Alphabet is trading at a P/E ratio near to its lowest in the previous five years.
The global coffee favorite rebounded strongly after sales fell at the pandemic’s onset. Like Airbnb, management made prudent decisions that are paying off as economies reopen. Revenue in 2021 of $29 billion was roughly $2.5 billion higher than the $26.5 billion it earned in 2019. Meanwhile, operating income of $4.6 billion in 2021 was its highest in the last decade.
Starbucks (SBUX -3.01%) closed several hundred of its downtown locations early in the pandemic, a move that is proving brilliant in hindsight.
Furthermore, Starbucks accelerated its focus on growing its international footprint. Domestic locations were already more expensive to operate, and it’s only getting worse as labor shortages raise wages. A more significant share of international stores is likely to boost the company’s overall profitability in the longer run. 

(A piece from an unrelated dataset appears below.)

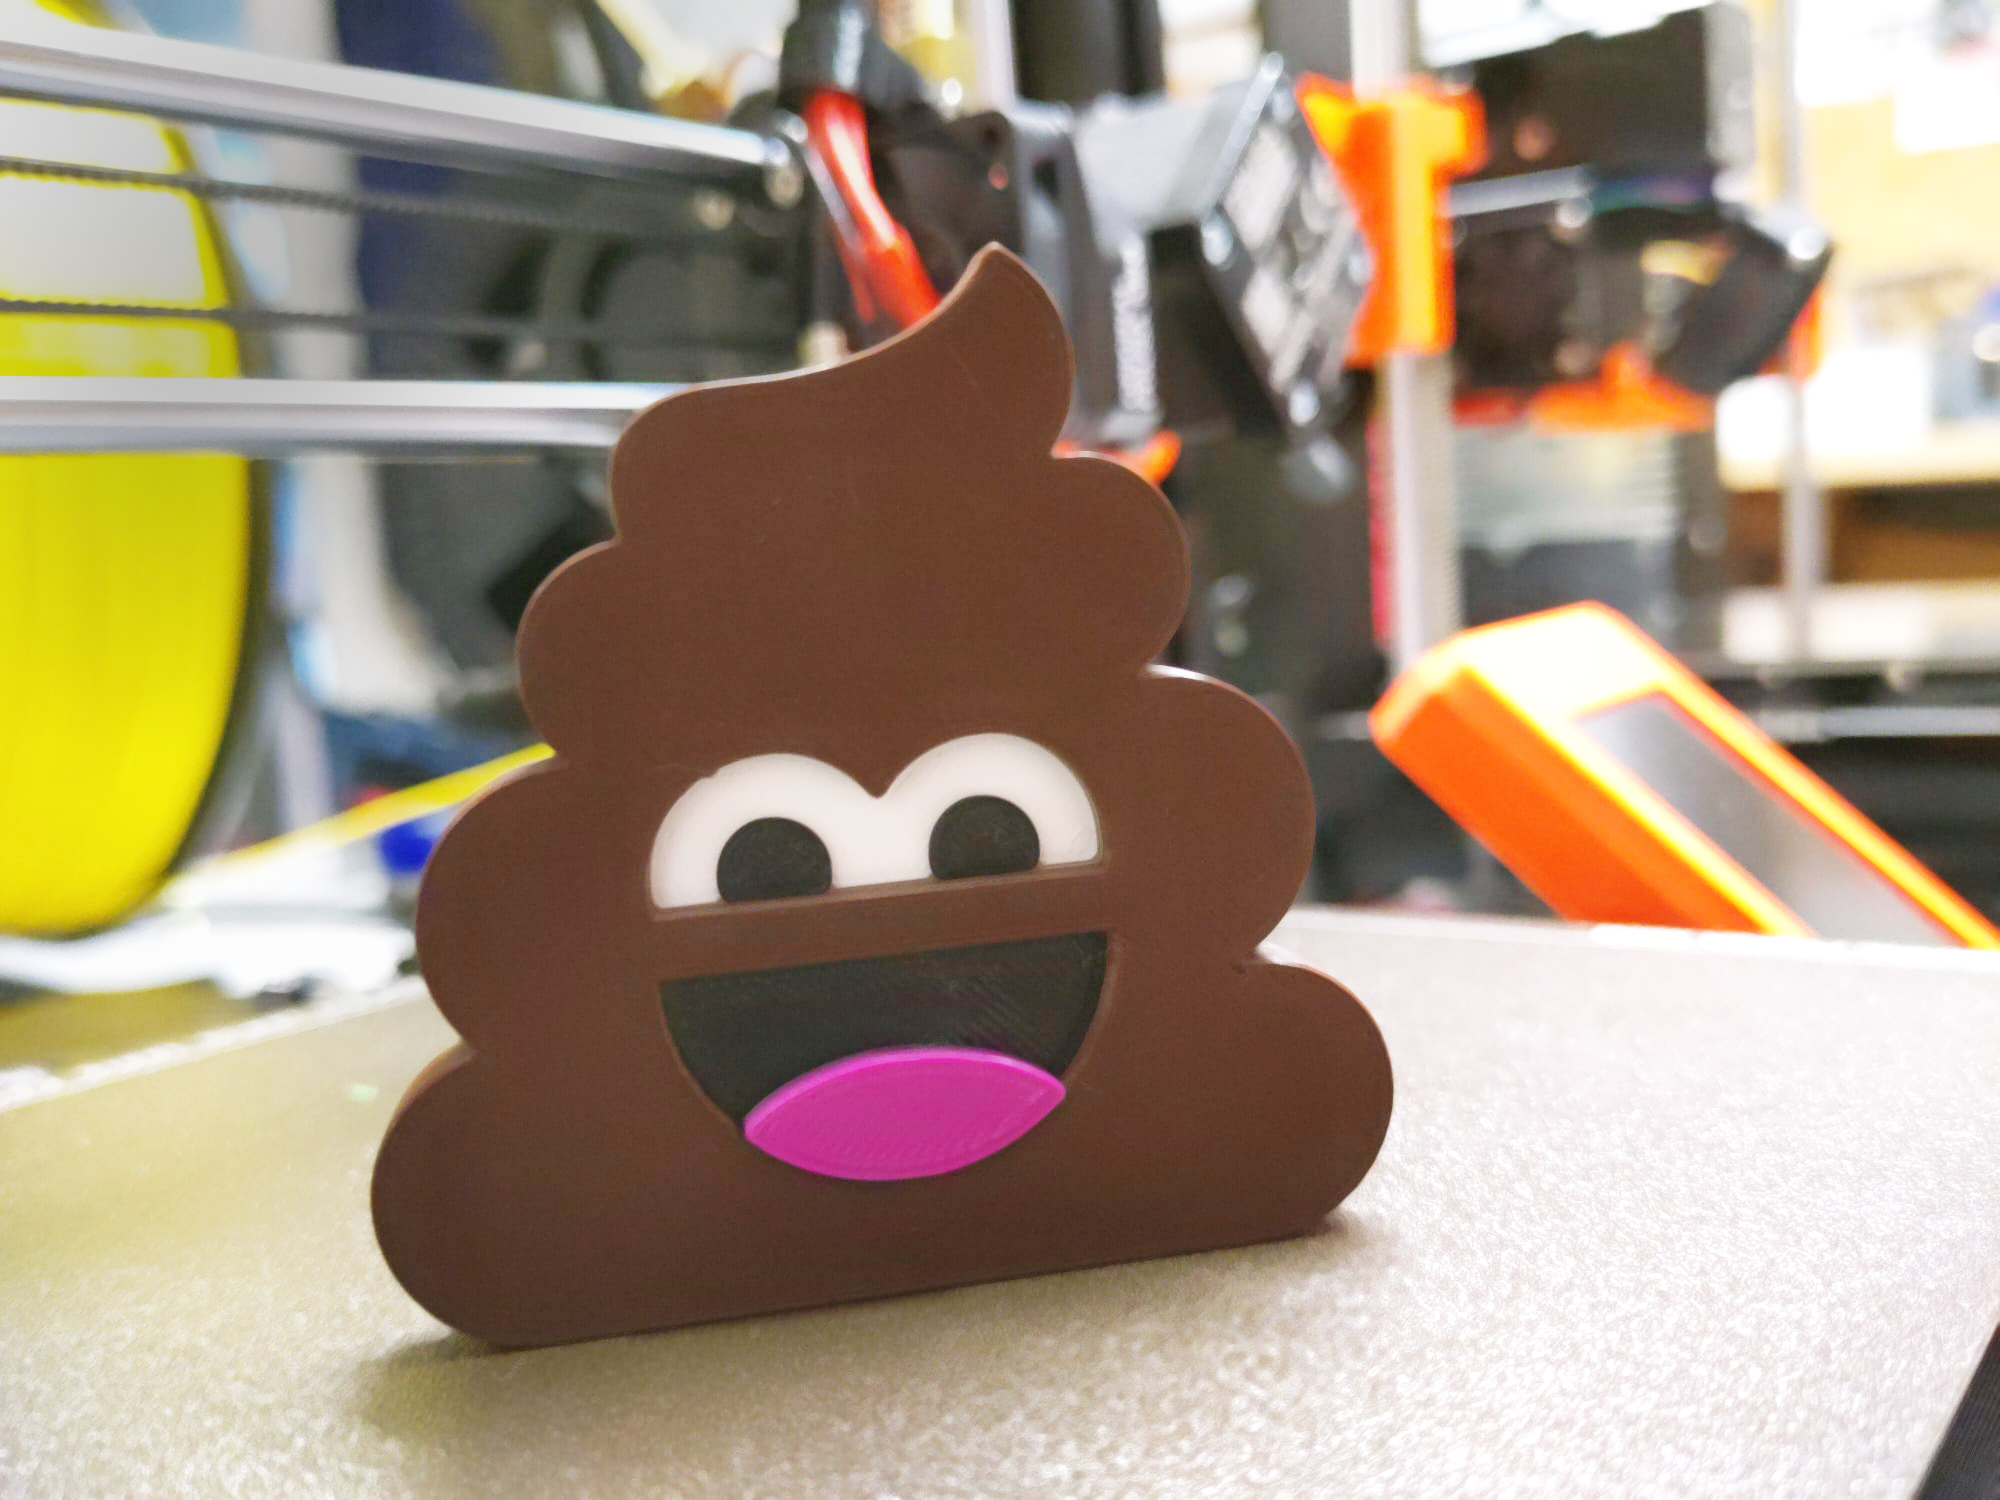 The "Pile of Poo" emoji 3d badge

Starbucks is also trading at a P/E ratio near to its lowest in the previous five years.
As you might have noticed, the common theme among these stocks is that they are selling at valuations near their lows over the last several years. Furthermore, the businesses are on sound footing, increasing profits, and usually with management that has demonstrated skill at steering the business. Those are some of the reasons I bought them in the first place, and I am ready to add more in the event of a market crash.